Generating Drake Rap Lyrics using Language Models and LSTMs

An inside look at your MC-LSTM, soon releasing on iTunes

Published in

Towards Data Science

10 min readApr 9, 2018

A major part of all future AI applications is building networks that are capable of learning from some dataset and then generating original content. This idea has been applied to Natural Language Processing (NLP) and that is how the AI community developed something called Language Models

The premise of a Language Model is to learn how sentences are built in some body of text and use that knowledge to generate new content

In my case, I wanted to try out Rap Generation as a fun side project to see if I can recreate lyrics of a popular Canadian rapper Drake (a.k.a. #6god)
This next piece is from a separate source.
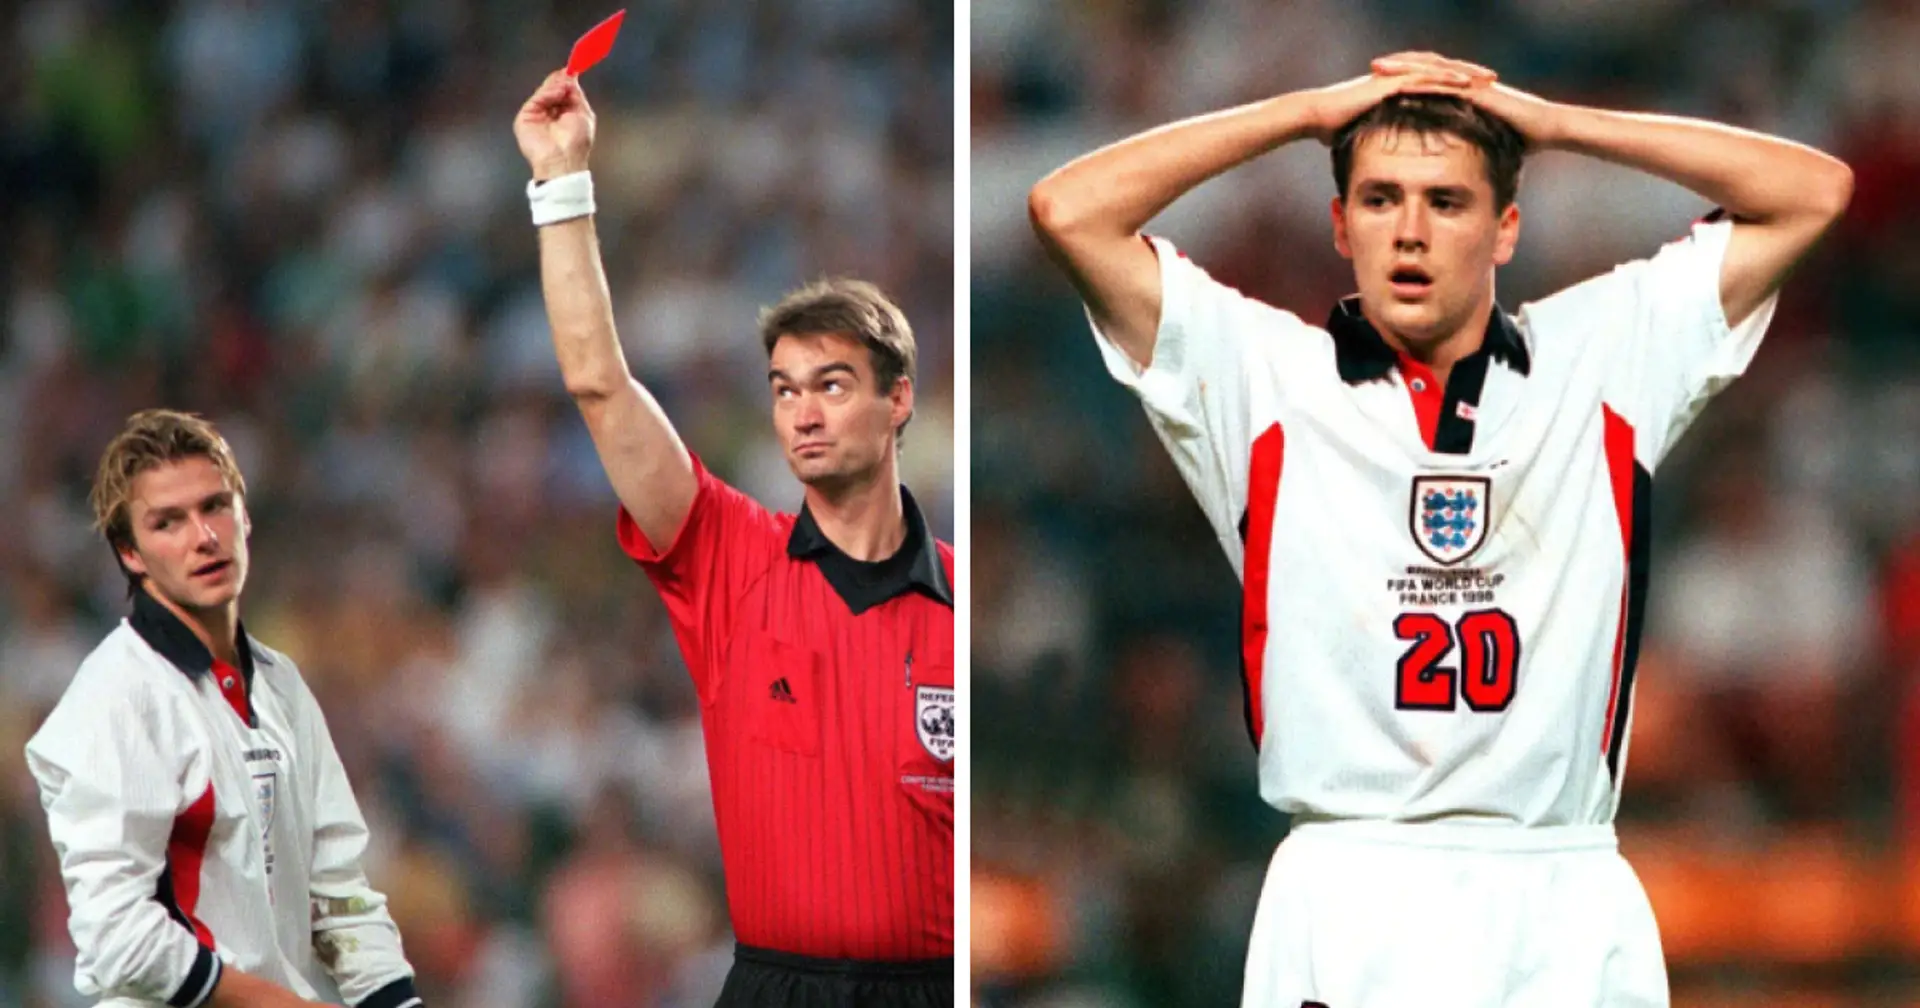 "Es gab nichts über ihn zu sagen": Michael Owen über Beckhams berüchtigte rote Karte

I also want to share a general Machine Learning project pipeline, as I found that building something of your own is often very difficult if you don’t exactly know where to start.

1. Getting the Data

It all started off with looking for a dataset of all of Drake’s songs, I didn’t want to waste too much time, so I just built a quick script myself that scrapes web pages of a popular website called metrolyrics.com

I used a well known Python package BeautifulSoup to scrape the pages, which I picked up in about 5 minutes from this awesome tutorial by Justin Yek. As a note, I actually predefined what songs I want to acquire form metrolyrics, that’s why you might notice that I’m iterating over my songs dataframe in the code above.

DataFrame storing all of the songs lyrics

After running the scrapper, I had all of my lyrics in proper formatted .csv file and was ready to start preprocessing data and building the model.

About the Model

Now, we are going to talk about the model for text generation, this is really what you are here for, it’s the real sauce - raw sauce. I’m going to start off by talking about the model design and some important elements that make lyric generation possible and then, we are going to jump into the implementation of it.

There are two main approaches to building Language Models: (1) Character-level Models and (2) Word-level models.

The main difference for each one of the models comes from what your inputs and outputs are, and I’m going to talk exactly about how each one of them works here.

Character-level model

In a case of a character-level model your input is a series of characters seedand your model is responsible for predicting the next character new_char. Then you use the seed + new_char together to generate the next character and so on. Note, since your network input must always be of the same shape, we are actually going to lose one character from the seed on every iteration of this process. Here is a simple visualization:

Fig. 2 Iterative process of word generation with Character-level Language Model

At every iteration, the model is basically making a prediction what is the next most likely character given the seed characters, or using conditional probability, this can be described like finding the maximum P(new_char|seed) , where new_char is any character from the alphabet. In our case, the alphabet is a set of all english letters, and a space character.(Note, your alphabet can be very different and can contain any characters that you want, depends on language that you are building the model for)

Word-level model

Word level model is almost the same as the character one, but it generates the next word instead of the next character. Here is a simple example:

Fig. 3 Iterative process of word generation with Word-level Language Model

Now, in this model, we are looking ahead by one unit, but this time our unit is a word, not a character. So, we are looking for P(new_word|seed) , where new_word is any word from our vocabulary.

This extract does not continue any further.